In the process he has taken much inspiration from the giants of old Hollywood — Billy Wilder is a special favorite. “Suite Dreams” owes much to the 1933 MGM classic “Grand Hotel,” from its setting to its multiple storylines, though Mitani insists he was “attracted more by the ‘Grand Hotel’-type of story than by ‘Grand Hotel’ itself … It’s something I wanted to try as scriptwriter at least once.”

In filming “Suite Dreams,” however, Mitani didn’t have the luxury of a lengthy prep time — “We rehearsed (scenes) in the morning and shot them in the afternoon,” he commented — which makes the film’s intricate, flawless staging and camerawork all the more remarkable. Connecting all the various plot threads is the hotel deputy manager played by Koji Yakusho, the film’s biggest international name for his turns in “Memoirs of a Geisha” and “Shall We Dance?” “I knew that Yakusho could do anything — that’s why I asked him to play this master-of-ceremonies role in the film,” Mitani said.
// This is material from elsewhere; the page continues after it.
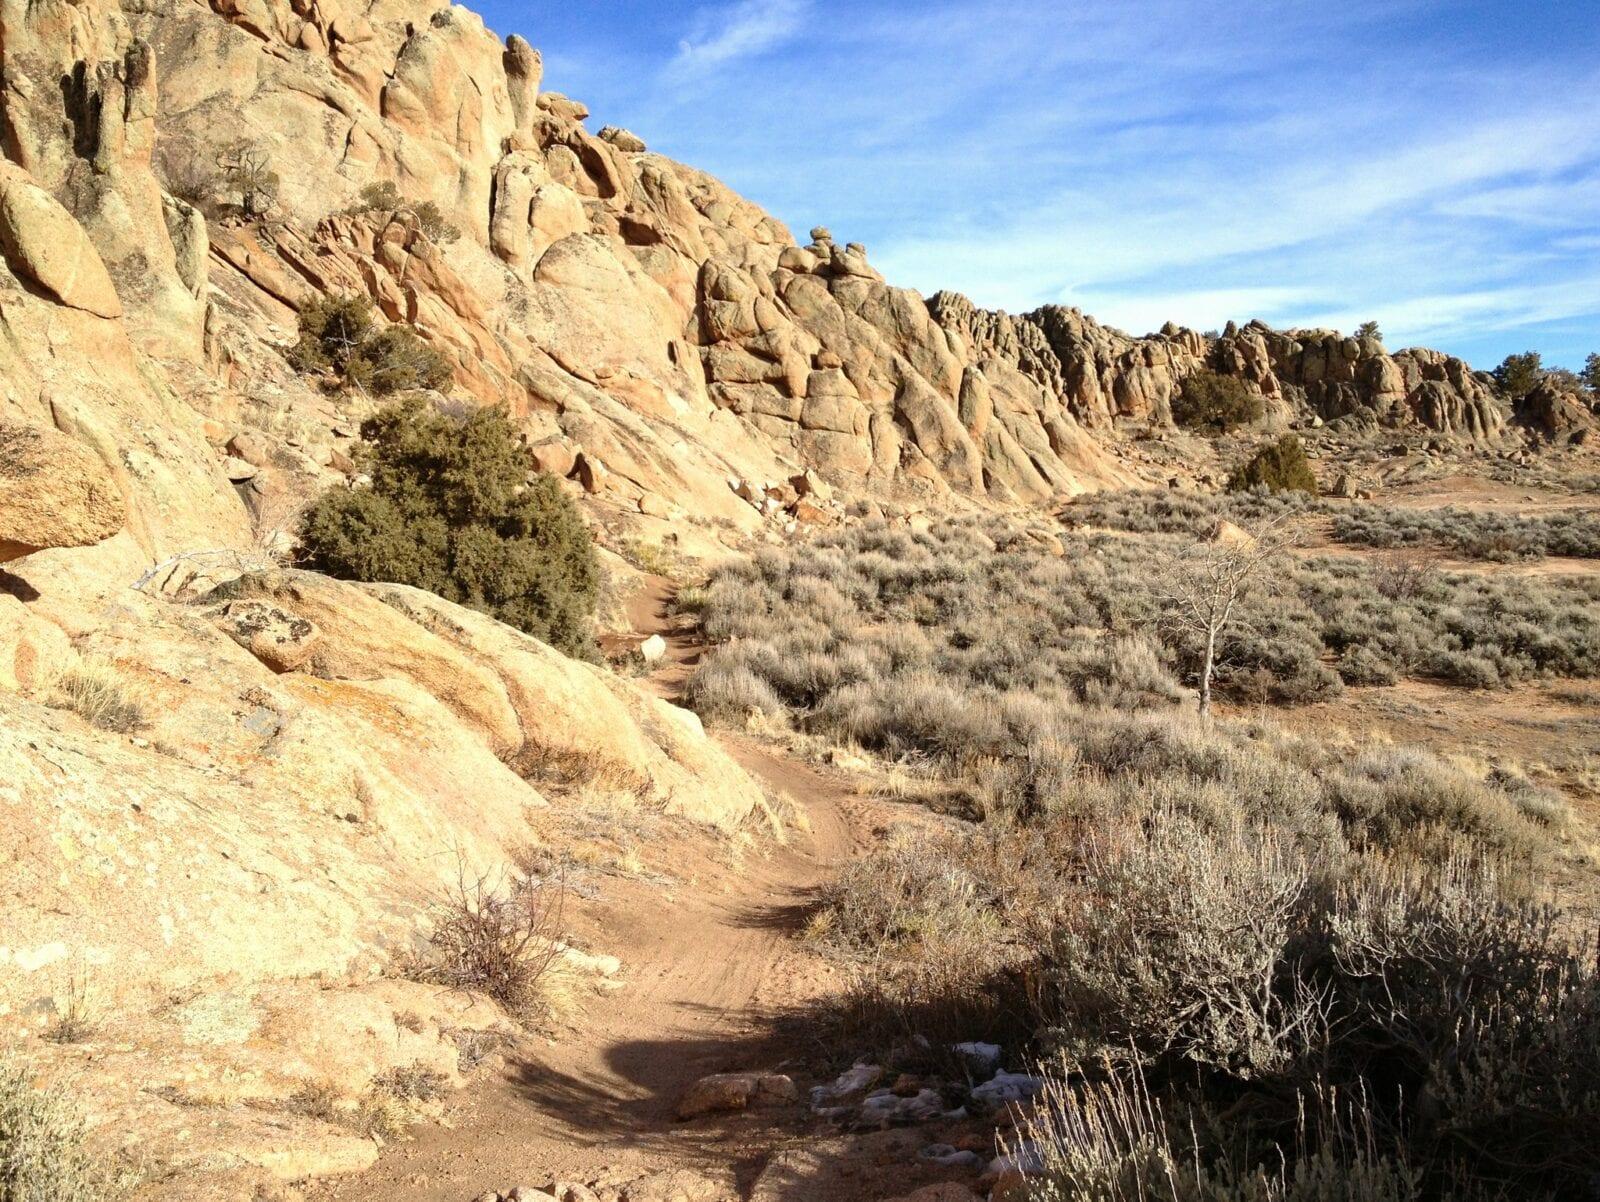 Image of the terrain in the Hartman Rock Recreation Area in Gunnison, Colorado

“Suite Dreams” is obvious remake material — deliberately so. “I’m always thinking about a remake when I write a film script,” Mitani comments. And Mitani would frankly be interested helming the Hollywood version himself. “I’d like to see the American audience’s reaction,” he says. Also, he feels that Hollywood would better appreciate a scriptwriter who actually comes up with his own ideas: “In Japan no one understands the difference between original screenplays and adaptations … Unfortunately, I don’t see that changing anytime soon.”